Part IV – Five Questions Every Client Should Ask Their Montana Divorce Attorney

Part IV – Five Questions Every Client Should Ask Their Montana Divorce Attorney

This post is the fourth in a five part series on questions you should ask your divorce attorney before you sign on the dotted line.  Check out Part I here, Part II here, Part III here – and look forward to Part V in the next few days.


Mediation can be a great way to fast-track what is often an incredibly slow, arduous divorce process.  If the parties agree to attend mediation early on and the mediation process is successful, it can be cheap (relatively), fast, and amicable.  There are a number of attorneys that do a great deal of family law, divorce, or child custody mediation in the Flathead/Kalispell area.  If you are looking for a mediator, consider the following Flathead/Kalispell mediators (listed in no particular order):  Shelly Brander at Kaufman, Vidal, Hileman, P.C. in Kalispell, MT;  Vanessa Ceravolo in Kalispell, MT; Mary Obermiller in Kalispell, MT; Randy Schwickert in Whitefish, MT; Brian Muldoon in Whitefish, MT; or Joyce Funda in Kalispell, MT.  Choosing a mediator is as important as choosing a lawyer.  Feel free to shop around for the attorney that fits your needs.  I encourage clients to find out the hourly rate of the mediator, the mediators availability, and to make sure they are comfortable with the mediator.

While Flathead County District Court has a local rule that requires alternative dispute resolution (i.e. mediation or settlement conference) prior to trial, parties are not required to attend mediation early on in the process.  In other words, the parties must agree if the mediation is to take place early on in the divorce process.  Some couples go to mediation before either one has filed for divorce or even before they have separated.  Luckily, it seems most family law attorneys in the Flathead/Kalispell area are in agreement that early mediation can be beneficial in many circumstances.  There are some cases, however, that early mediation is not the best option.

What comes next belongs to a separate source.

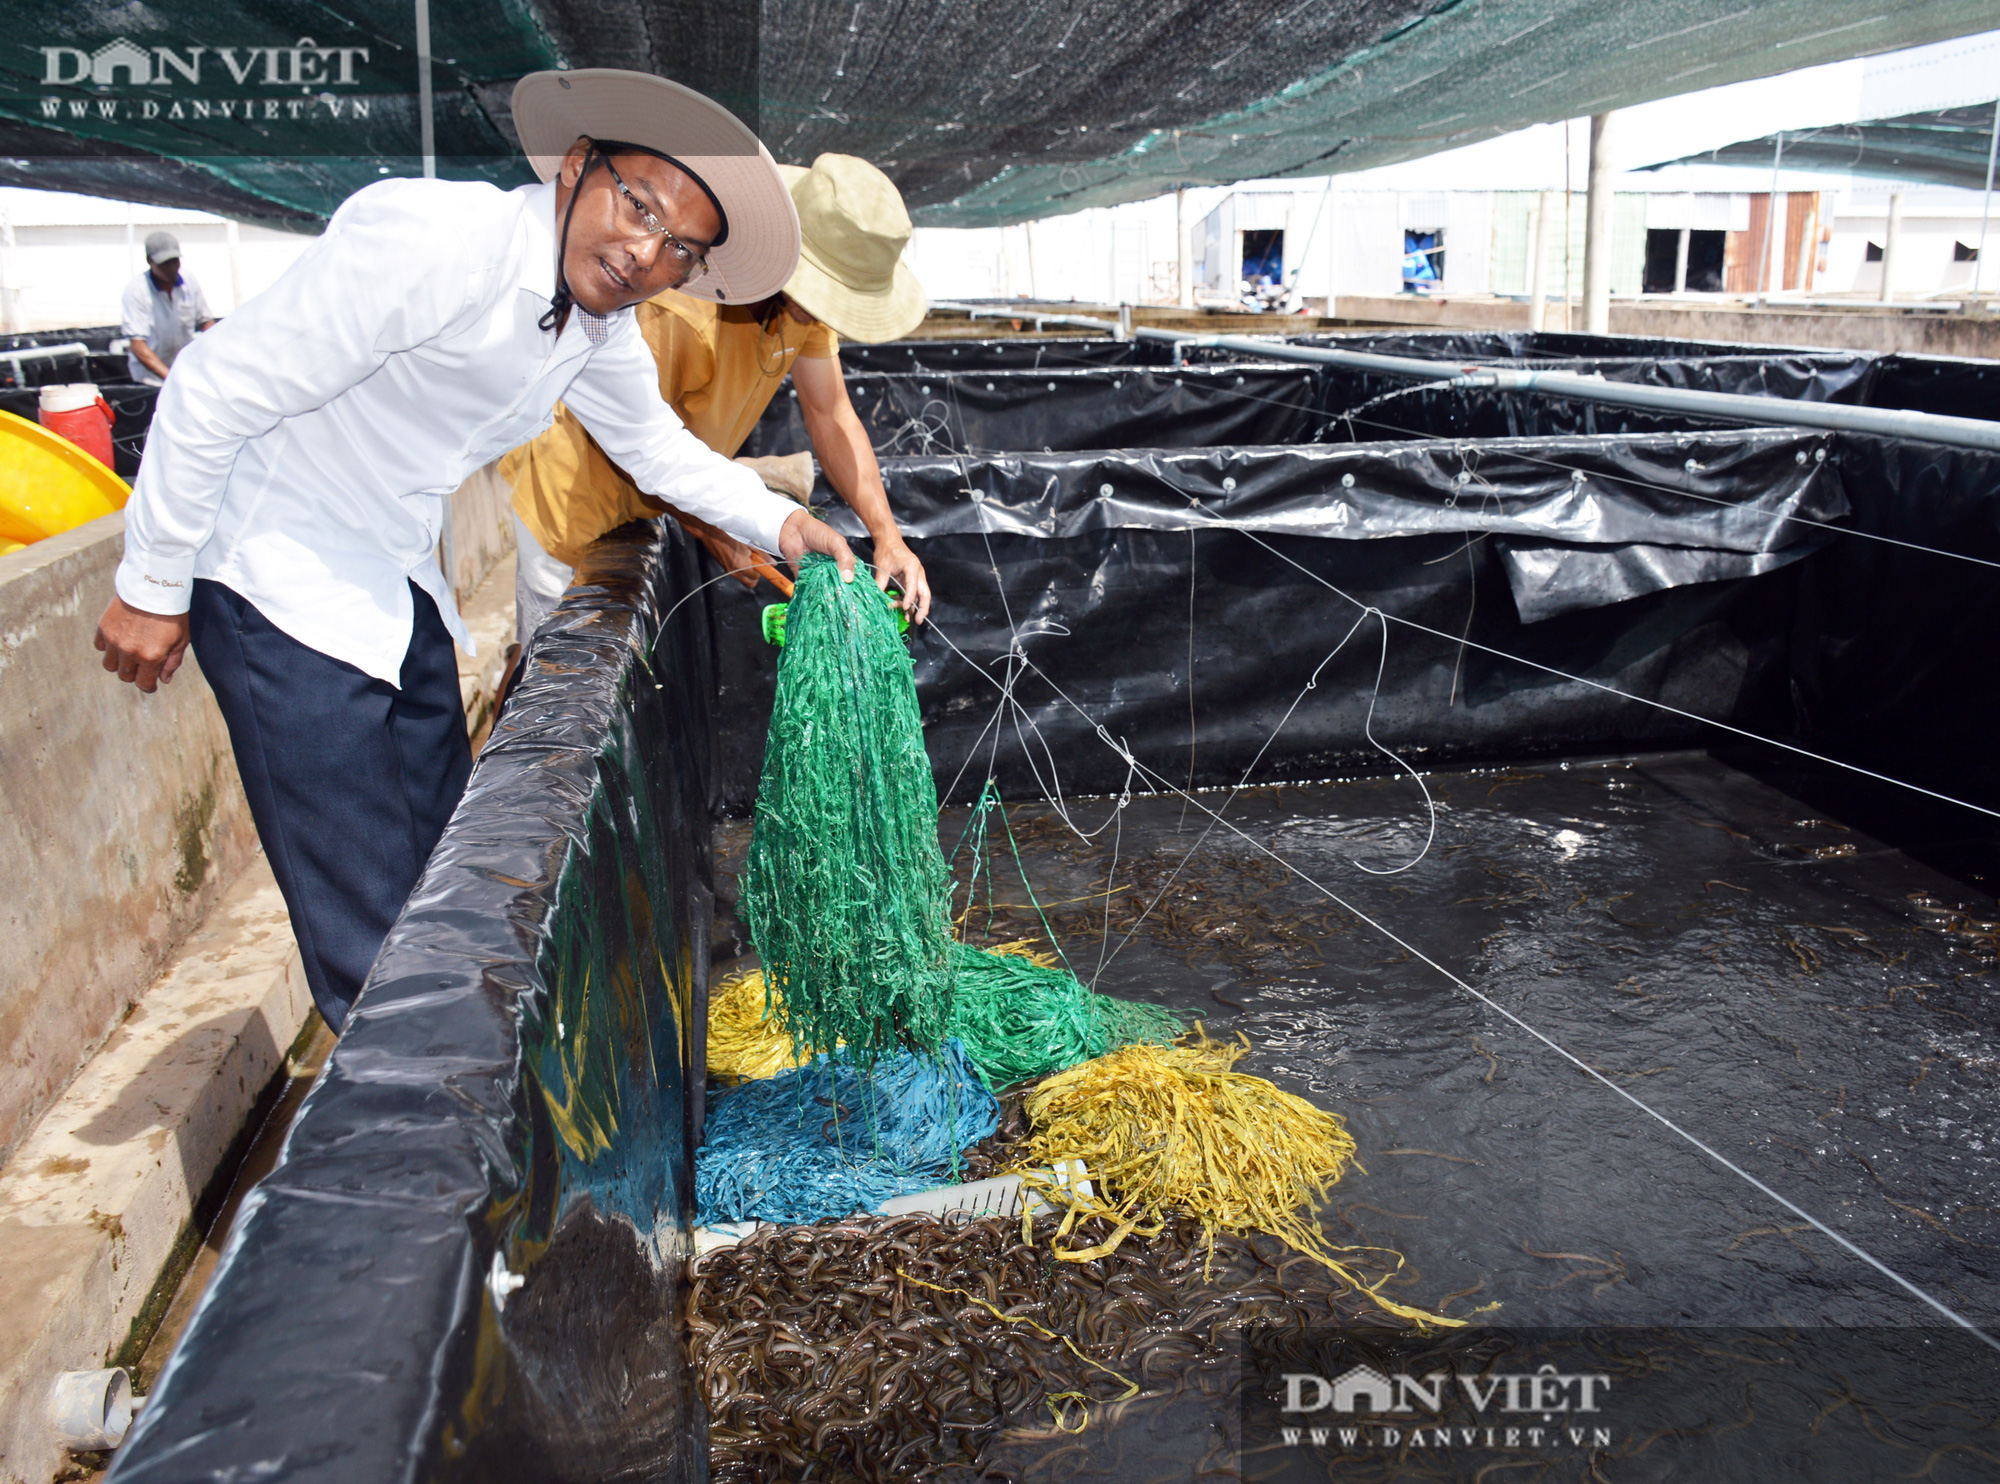 Bạc Liêu: Chàng kỹ sư bỏ công ty nước ngoài về làm nông dân nuôi 15 loài thủy sản - Ảnh 7.

If you are represented by an attorney, you may want to discuss how your attorney can be a part of the mediation process. Many clients choose to take their attorneys to mediation.  While that is a great idea, it can also be expensive – a client is paying for the attorney and the mediator.  Talk with your attorney about ways they can assist you in the mediation process, while also conserving your valuable resources.  Many of my clients choose to attend mediation (though I prepare them for the process) on their own and simply check in with me before they sign any settlement agreement on the dotted line.